FaNS: a Facet-based Narrative Similarity Metric

  • paper_url: http://arxiv.org/abs/2309.04823
  • repo_url: None
  • paper_authors: Mousumi Akter, Shubhra Kanti Karmaker Santu
  • for: 本研究的目的是提出一种新的叙事相似度度量方法,以便更好地比较叙事的细节。
  • methods: 本研究使用了现有的大语言模型(LLMs)来提取5W1H的特征(Who, What, When, Where, Why, and How),并将其作为叙事相似度度量的基础。
  • results: 实验结果表明,FaNS度量在比较叙事的细节方面表现出了37%的高 corrrelation,与传统的文本相似度度量方法相比,表明FaNS度量能够更好地捕捉叙事的细节。
    Abstract Similar Narrative Retrieval is a crucial task since narratives are essential for explaining and understanding events, and multiple related narratives often help to create a holistic view of the event of interest. To accurately identify semantically similar narratives, this paper proposes a novel narrative similarity metric called Facet-based Narrative Similarity (FaNS), based on the classic 5W1H facets (Who, What, When, Where, Why, and How), which are extracted by leveraging the state-of-the-art Large Language Models (LLMs). Unlike existing similarity metrics that only focus on overall lexical/semantic match, FaNS provides a more granular matching along six different facets independently and then combines them.
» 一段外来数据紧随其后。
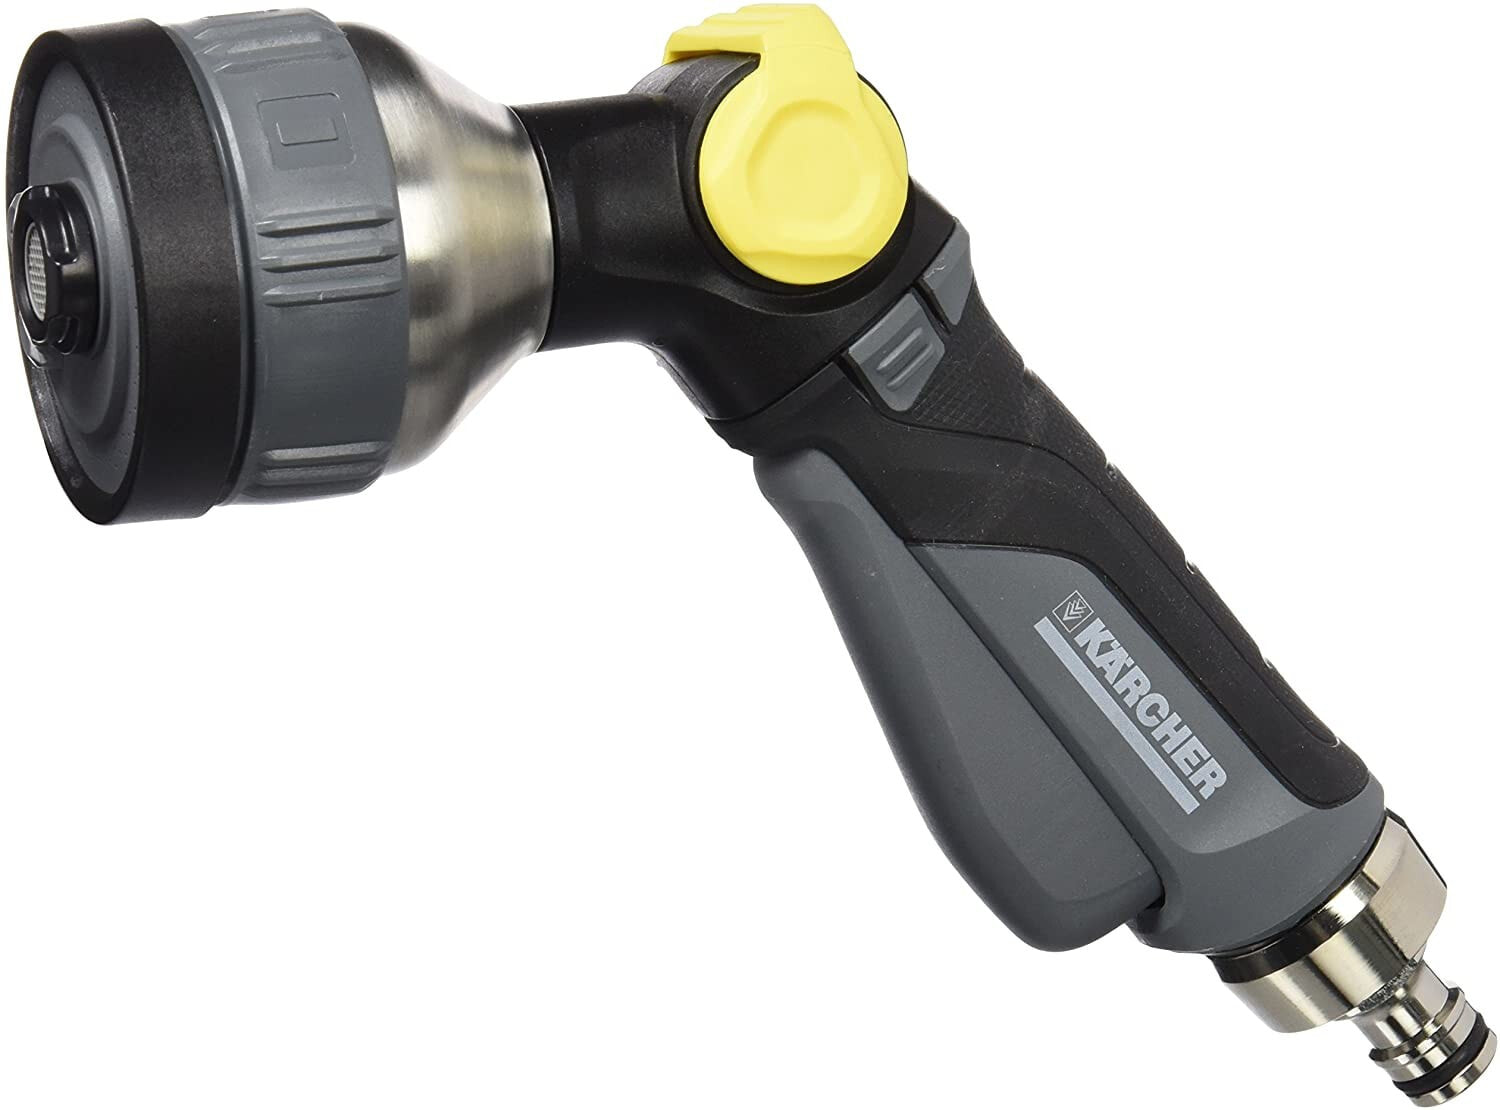 Пистолет, насадка или дождеватель для шлангов Staubbeutel-Profi Karcher 2.645-271.0 20.5 x 7.0 x 17.6 cm Premium Multi-Functional Spray Gun - Yellow/Black/Grey

To evaluate FaNS, we created a comprehensive dataset by collecting narratives from AllSides, a third-party news portal. Experimental results demonstrate that the FaNS metric exhibits a higher correlation (37\% higher) than traditional text similarity metrics that directly measure the lexical/semantic match between narratives, demonstrating its effectiveness in comparing the finer details between a pair of narratives.
    摘要 相似的故事检索是一项非常重要的任务,因为故事是解释和理解事件的重要工具。多个相关的故事可以帮助创建一个事件的总体视图。为了准确地标识semantically相似的故事,这篇论文提出了一种新的故事相似度度量方法,称为 Facet-based Narrative Similarity(FaNS),基于经典的5W1Hfacets(Who、What、When、Where、Why和How)。与现有的相似度度量方法不同,FaNS提供了更加细化的匹配,分别对六个不同的facet进行独立匹配,然后进行组合。为了评估FaNS,我们创建了一个完整的数据集,通过收集AllSides第三方新闻门户上的故事。实验结果表明,FaNS metric在比较两个故事的细节方面 exhibits higher correlation(37%高于传统的文本相似度度量方法),这demonstrates its effectiveness in comparing the finer details between a pair of narratives.

MMHQA-ICL: Multimodal In-context Learning for Hybrid Question Answering over Text, Tables and Images

  • paper_url: http://arxiv.org/abs/2309.04790
  • repo_url: None
  • paper_authors: Weihao Liu, Fangyu Lei, Tongxu Luo, Jiahe Lei, Shizhu He, Jun Zhao, Kang Liu
  • for: 解决多modal和多种类型的问答问题 (addressing multimodal and heterogeneous question answering problems)
  • methods: 提出了MMHQA-ICL框架,包括强化的多元数据检索器和图像caption模块,以及类型特定的在 контекス学习策略 (proposed MMHQA-ICL framework, including a strengthened heterogeneous data retriever and an image caption module, as well as a type-specific in-context learning strategy)
  • results: 实验结果表明,我们的框架在少量数据下的少 shot Setting下表现出state-of-the-art的result,在MultimodalQA数据集上超过所有基线和数据集全部训练的方法 (experimental results show that our framework achieves state-of-the-art results under the few-shot setting on the MultimodalQA dataset, outperforming all baselines and methods trained on the full dataset)
    Abstract In the real world, knowledge often exists in a multimodal and heterogeneous form. Addressing the task of question answering with hybrid data types, including text, tables, and images, is a challenging task (MMHQA). Recently, with the rise of large language models (LLM), in-context learning (ICL) has become the most popular way to solve QA problems. We propose MMHQA-ICL framework for addressing this problems, which includes stronger heterogeneous data retriever and an image caption module. Most importantly, we propose a Type-specific In-context Learning Strategy for MMHQA, enabling LLMs to leverage their powerful performance in this task. We are the first to use end-to-end LLM prompting method for this task. Experimental results demonstrate that our framework outperforms all baselines and methods trained on the full dataset, achieving state-of-the-art results under the few-shot setting on the MultimodalQA dataset.
    摘要 在现实世界中,知识经常存在多模式和多种形式。解决问答问题时使用混合数据类型,包括文本、表格和图像,是一项复杂的任务(MMHQA)。近些年来,大型自然语言模型(LLM)的出现,使得在场景学习(ICL)成为解决问答问题的最受欢迎方法。我们提出了MMHQA-ICL框架,该框架包括更强的多种数据检索器和图像描述模块。最重要的是,我们提出了特定类型的场景学习策略,使得LLM可以在这个任务中发挥出色的表现。我们是第一个使用端到端LLM推荐方法来解决这个任务。实验结果表明,我们的框架在几shotSetting下超过了所有基线和已经训练的方法,在多媒体Question Answering dataset上达到了当前最佳result。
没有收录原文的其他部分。